It was the simplest way to implement it, and in the local-data case is
approximately optimal.

For remote network calls this may well want to ship deltas over the
wire, and allow optional full text calls at the end point. Or variations
on a them.

> >> +    def iter_lines_added_or_present_in_keys(self, keys, pb=None):
> > [...]
> >> +        for key in keys:
> >> +            key_records.append((key, build_details[key][0]))
> >
> > Again, give the [0] a name to help the reader:
> >
> >        for key in keys:
> >            index_memo = build_details[key][0]
> 
> 
> > [...]
> >> +            prefix = key[:-1]
> >> +            try:
> >> +                suffix_parents = self._kndx_cache[prefix][0][key[-1]][4]
> >> +            except KeyError:
> >> +                pass
> >
> > Ow.  Which of the 5 separate getitem operators on that line is that KeyError
> > meant to be guarding?
> >
> > Also, what the heck is the structure of _kndx_cache?  I tried to find it, but
> > the best I could find was:
> >
> >    def _reset_cache(self):
> >        # Possibly this should be a LRU cache.
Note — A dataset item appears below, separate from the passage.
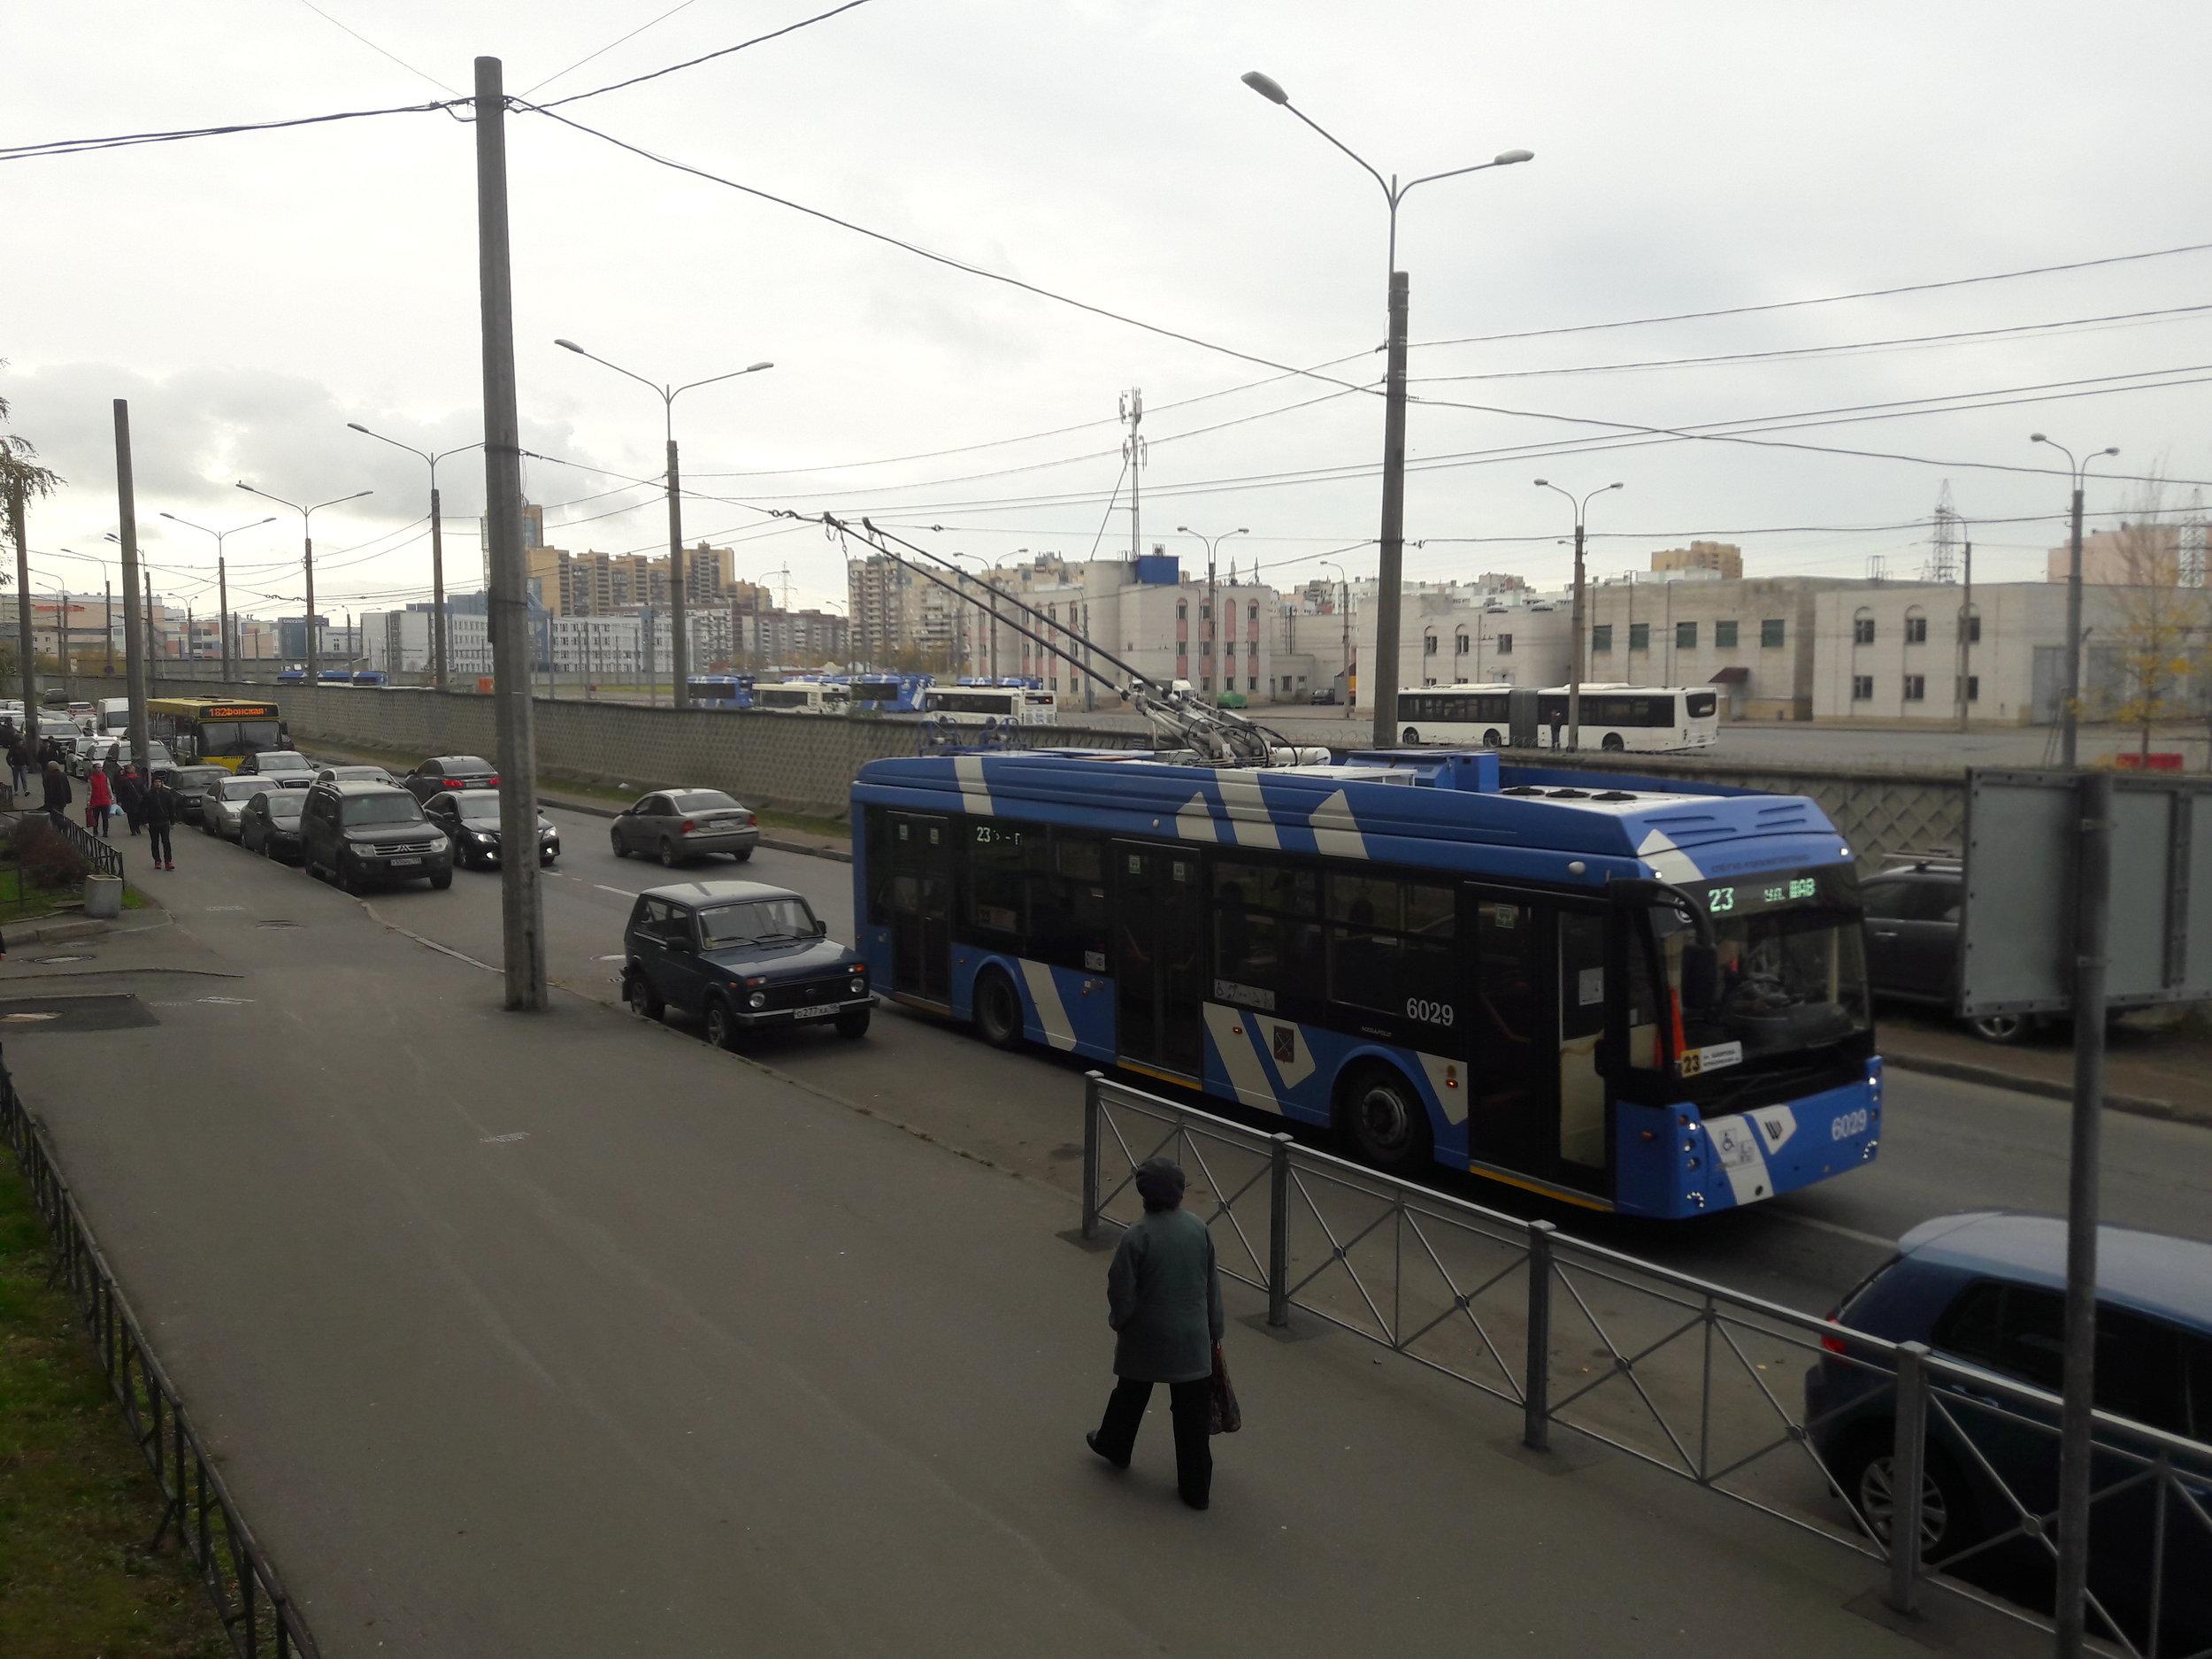 """U konečné Šavrova ulice je zázemí pro odstavení trolejbusů. Sídliště v severozápadně ležícím Primorskom rajoně, kde se konečná nachází, je velmi hustě obydlené a trolejbusy se tu """"netrhnou"""" od rána do pozdního večera, ve špičkách prakticky každé dvě až tři minuty vyjíždí trolejbus na některou z linek 2, 12, 23 či 50 (první tři výhradně s parciálními trolejbusy)."""

A dictionary from key_prefix to
> >        # (cache_dict, history_vector) for parsed kndx files.
> >        self._kndx_cache = {}
> >        ...
> >
> > Unfortunately, that doesn't tell me anything about the structure or meaning of
> > the cache_dict or history_vector.  The KndxIndex docstring talks about the
> > _cache and _history instance variables, which I assume are probably related in
> > some way, but I don't know how.  Please update the KndxIndex docstring.
> 
> robert, halp! :)
> 
> Here is my incremental patch addressing the other issues from Andrew and myself.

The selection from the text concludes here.